Of course the sex is always more frequent and exciting in the beginning (at least it should be), but talking about what you expect sexually out of a relationship is very important.
Understanding your partner's sex language will show them how attentive you are and it will lead to better intimacy. Learning to be intuitive and understanding intimacy is a skill that most couples don't know they need.
After you settle in with each other, maybe your significant other's sex drive is higher or lower than you want it to be. Maybe you want to try something new, but it isn't their cup of tea.
Some people are delusional enough to think that sex is not an important factor in a relationship. They think that as long as there is some sort of intimacy, other than sex, that their relationship is stronger than most. Don't let these rantings of miserable people fool you. Sex lives matter!
Yes, being with someone that you love should be more than about sex. There are other important aspects of a relationship that should prove fulfilling, but no matter how happy you may claim to be, if sex is lacking then there's a big problem. Personally I feel like if a couple is not having sex, and if they are not sleeping in the same bed together, they might as well be roommates! Before someone starts to complain about how being in love is more important, along with honesty, and trust, and communication, just stop and think. Honesty, trust and communication, and even love are all qualities that most true friends share with one another. If you're truly IN LOVE with your partner, then sex should come naturally, or a great effort needs to be put into making time for sex.

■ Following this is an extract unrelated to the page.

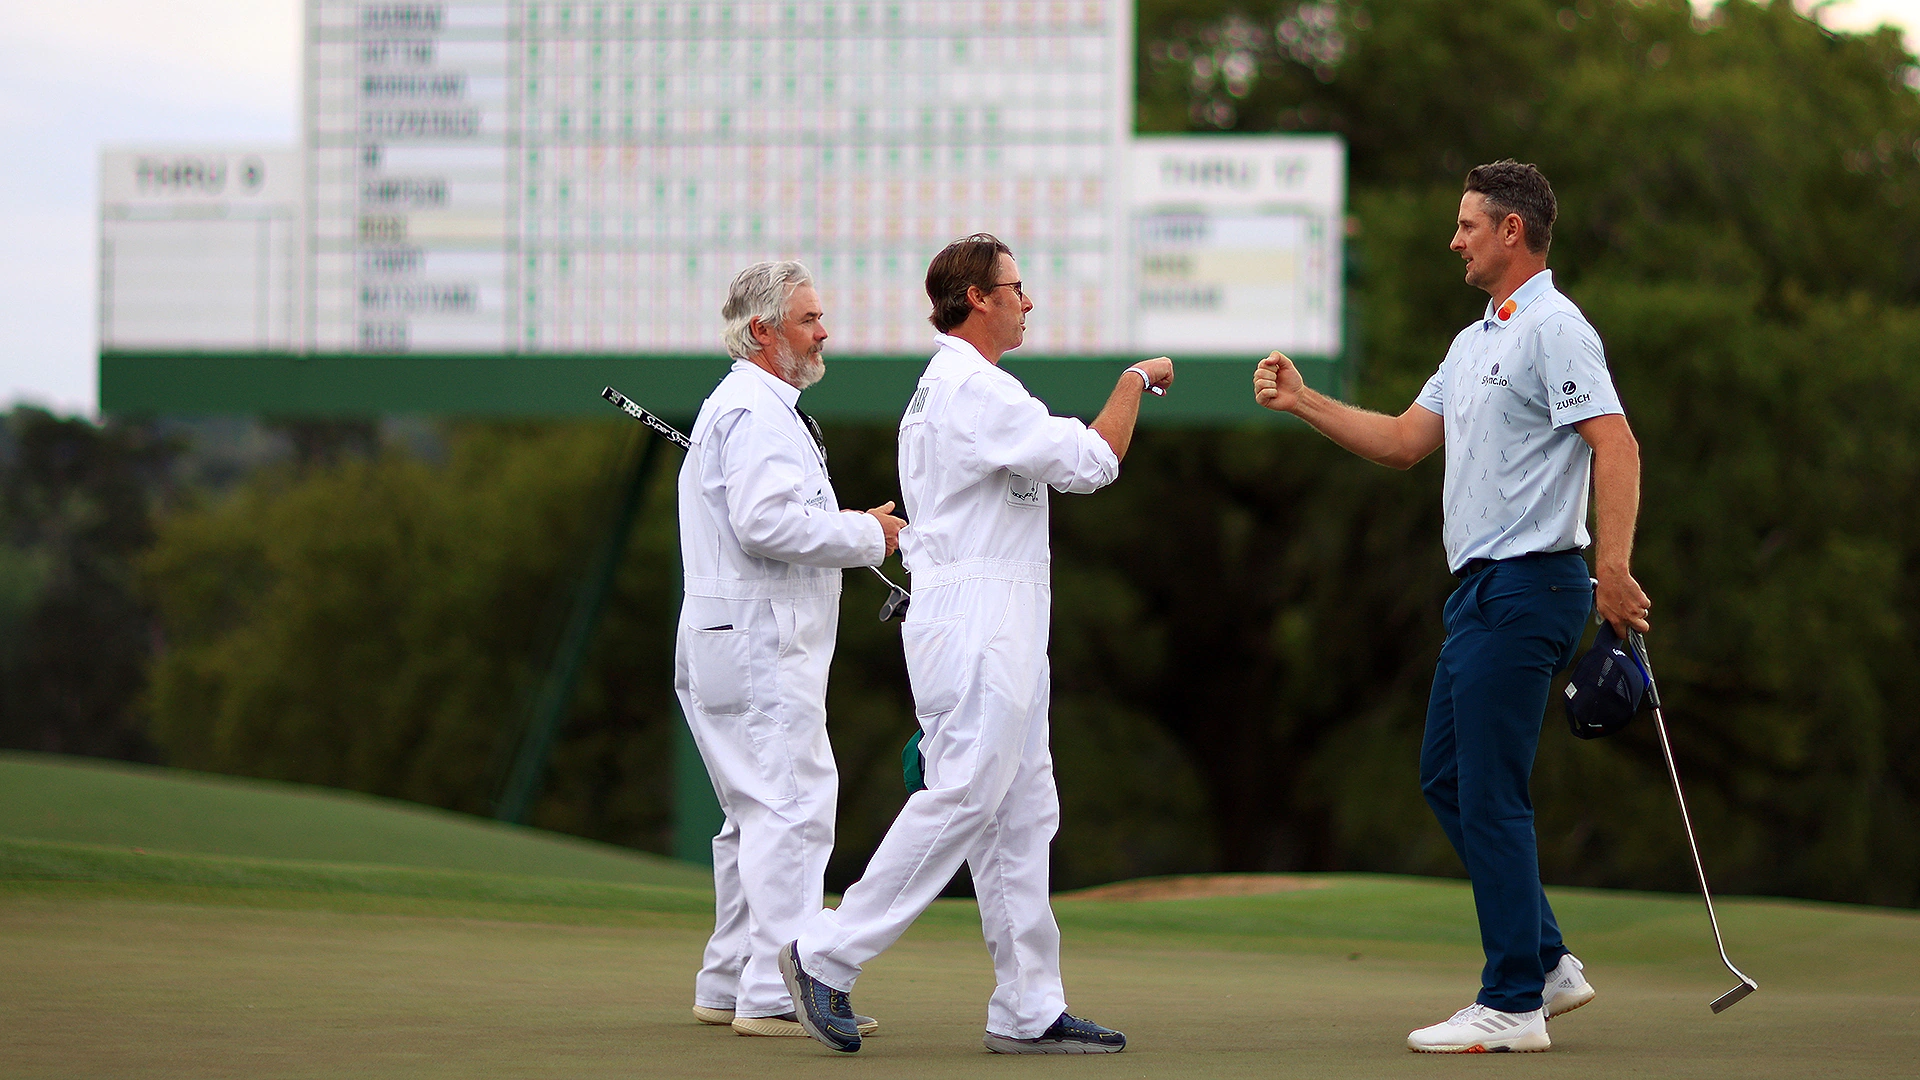 2021 Masters: Justin Rose fires 65 to lead by four shots after Day 1 of 85th Masters

My boyfriend and I have sex often. At least 4 times a week. This has actually dwindled down from 2 times a day everyday, when we first started dating. Obviously the decline is natural, but we make sure to keep up on it. He definitely doesn't mind at all. We naturally gravitate towards each other. The sexual chemistry is strong and it doesn't take much for us to start dancing horizontally, but sometimes we'll look up and realize we haven't had sex in well over a week! I understand that this may not seem drastic to most, but it is to us, and to each his own. We know that sex is important and we love it. I personally get a little more stir crazy when we go days without sex, but given the circumstances of his last relationship....let's just say he has been conditioned to wait for months on end (ouch).
This leads me back into sexpectations. I don't like going more than 4 days without having sex. I have a high libido and I enjoy regular sex. I enjoy the intensity of love making, and the pain of rough wild sex. On the other hand, while by boyfriend is willing to accommodate me, he is more relaxed when it comes to sex. Don't get me wrong. He enjoys it. How could be not. However, referring to earlier, in his last relationship, he had to beg for intimacy. He had to jump through hoops and the whole sexually aspect of his old relationship was very vanilla - no pun intended. It was boring. Having experienced this for years, has conditioned him to be OK with going without sex, but it's also great because he gets so excited by some of the basic things I show him.